Ly P can express CD56 markers, but the expression of CD56 is not associated with prognosis. Recently, it has been reported that Ly P can exhibit γδT phenotype, and Ly P of γδT phenotype has no obvious invasive clinical behavior. A small number of cases report CD30-negative Ly P, including the recently reported CD30-negative D-type Ly P. Cerroni believes that CD30 negative may be the cause of laboratory techniques, but other investigators believe that there are true CD30-negative cases.

3. Relationship between Ly P and other malignant lymphomas

Approximately 10% to 20% of patients with Ly P have associated malignant lymphoma, and in a recent large-scale retrospective study, the incidence of associated lymphoma reached 52%. Some studies have found that positive TCR gene rearrangement is associated with the occurrence of lymphoma, and the incidence of related lymphoma is a continuous process. With the prolongation of time, its incidence gradually increases and remains stable after 18 years. . In the long follow-up study, the incidence of associated lymphoma was higher than those with shorter follow-up. According to previous literature, the incidence of mycosis fungoides and primary cutaneous anaplastic large cell lymphoma is highest in Ly P patients, and its genetic association with Ly P has been confirmed by several studies.

4. Progress in the treatment of Ly P

Ly P is an inert disease with self-healing characteristics, and treatment is usually used to control the spread of rash and reduce the frequency of recurrence. There is currently no evidence that any existing treatment regimen can reduce the frequency and number of relapses or prevent the onset of associated lymphoma, and that lesions usually recur after treatment interruption.

4.1 Topical medication

The commonly used topical drug is glucocorticoid, which can be used as a first-line treatment for patients who are seeking rapid symptom relief, but glucocorticoids do not achieve complete remission in most cases. Recently, researchers have achieved better therapeutic effects through topical methotrexate (MTX). Other topical drugs used for treatment include: nitrogen mustard, imiquimod, retinoic acid and the like.

4.2 Phototherapy

Ultraviolet treatment can induce lymphocyte apoptosis with relatively few side effects and can also be used for the treatment of Ly P. Some researchers have tried to treat with PUVA, UVA1 and 308 nm excimer lasers, and have succeeded in most patients.

4.3 Systemic treatment

MTX is often used as the preferred systemic treatment for Ly P. In a retrospective study of 40 patients with Ly P, MTX 15-25 mg was given subcutaneously for 1 week, 44% had no new lesions, and 42% had only a small amount of new lesions.
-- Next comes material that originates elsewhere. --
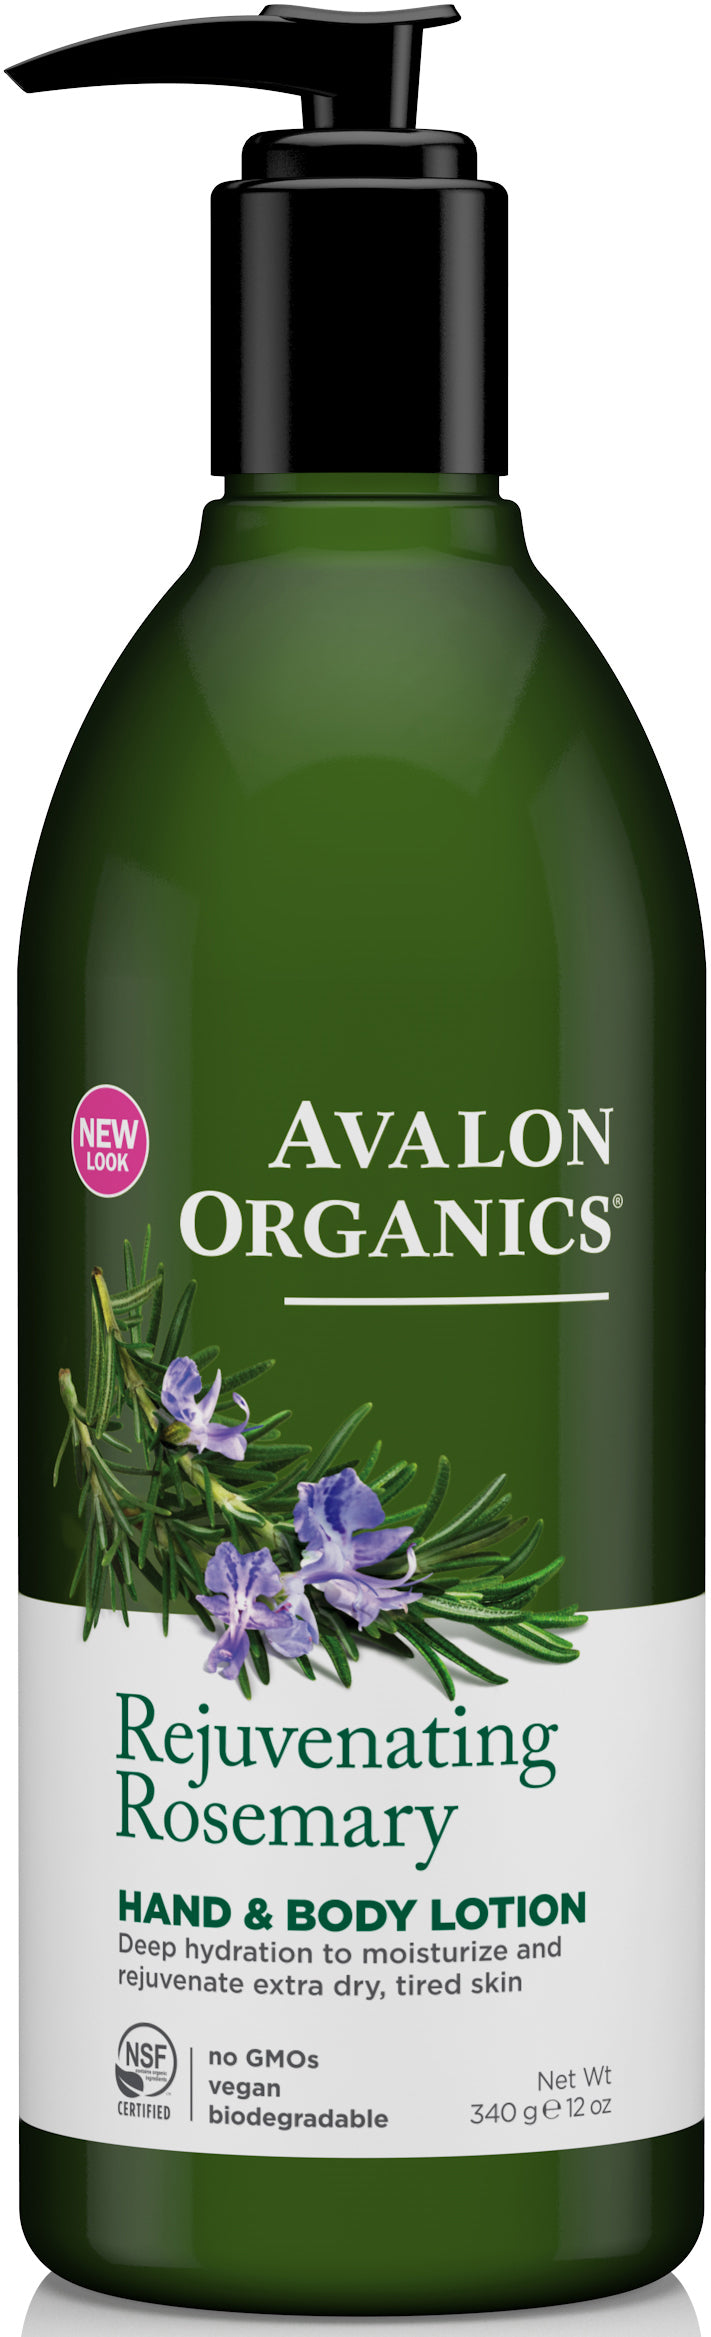 Avalon Organics Rosemary Hand and Body Lotion

After stopping treatment, 25% of patients did not relapse during the 24-227 month follow-up period. However, most patients experienced varying degrees of side effects, and 5 of 10 patients who had been treated with MTX for more than 3 years had liver fibrosis. The study found that IFN-α has a long-term and long-lasting effect on Ly P, which may be related to the induction of high-efficiency Th1 type immune response and promotion of CD95 expression of apoptotic receptor. In an open trial, 3-15 MU IFN-α was administered weekly, and after 2-6 weeks, 4 of 5 patients achieved complete remission. It will recur within 3-4 weeks after stopping treatment, so it is necessary to maintain treatment for 10-17 months. The latest experimental data indicate that the combination of MTX and IFN-α is effective in the treatment of Ly P. In a clinical phase 2 study using Brentuximabvedotin (CD30 monoclonal antibody binding agent c AC10-vc MMAE) 1.8 mg/Kg 21 days/intravenous injection, all Ly P were therapeutically effective, the main adverse reaction being peripheral sensory neuropathy. From the clinical situation, CD30 monoclonal antibody is expensive and has certain side effects, so there is still a certain distance from clinical large-scale application.

5. Conclusion of Ly P

Ly P is a low-grade malignant tumor. The diagnosis needs to be closely combined with clinical and pathological. CD30 staining has diagnostic value. There are still some clinical problems in Ly P research that deserve further study, such as whether Ly P and PLEVA are lineage diseases, whether pro-follicular Ly P is a specific subtype, Ly P and mycosis fungoides, and other types of lymphoma. Relationships, etc.